PORT MORESBY, Papua New Guinea (PNG Post-Courier, Aug. 26) – The Papua New Guinea government’s plans to increase taxes on income, bank withdrawals and sales and services is meeting opposition from workers. The fortnightly pay packet is already under intense pressure and it is not surprising that our street surveys have revealed a strong opposition to the plans. 

The surveys are not representative of the entire workforce in the country, but over the past few years, there has been growing signs of resentment among ordinary workers about the high cost of living in Papua New Guinea.

The cost of basic food items — rice, tinned fish, corned beef, sugar, milk and more — have risen to astronomical levels causing severe hardships for many families. 

The economy has not made any real recovery since the new administration came into power despite all the political rhetoric from Waigani. 

Added to that, the cost of education and health services have risen sharply over the past few years, forcing workers to dig deeper into pockets that are already empty of funds.

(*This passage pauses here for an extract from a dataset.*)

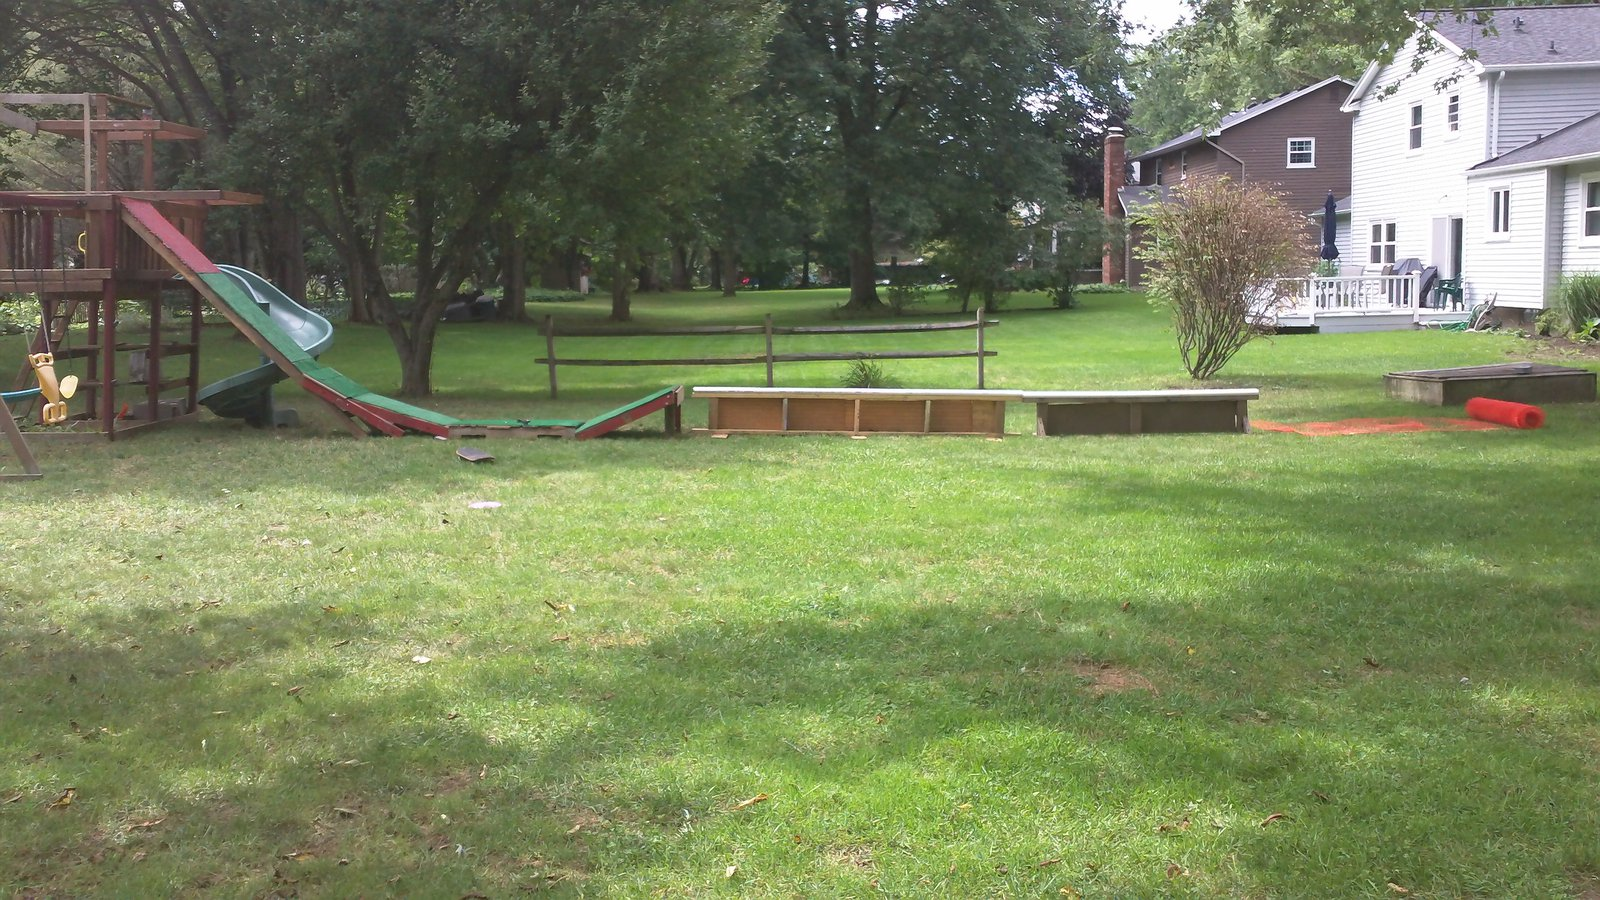 Summer setup side view

The Government needs to carefully consider any proposals from its advisers about increasing personal income tax. It needs to be careful that it does not force more people below the poverty line as a result of its attempt to bridge shortfalls in the 2003 budget. 

The decision to grant more tax concessions to the mining sector to encourage more mineral prospecting in the country has forced the nation into the present state of affairs. 

The Government needs to be careful that it does not make the ordinary workers pay more to make up for the tax concessions it has granted to multi-national mining companies. 

Workers are also asking questions about the whereabouts of the unions in PNG. More so the PNG Trade Union Congress which has been the main voice of the workers for a long time. This is the time when workers need their unions to speak out on their behalf — yet the unions have become so silent. 

One wonders if their independence has not been compromised by close association with the Government of the day.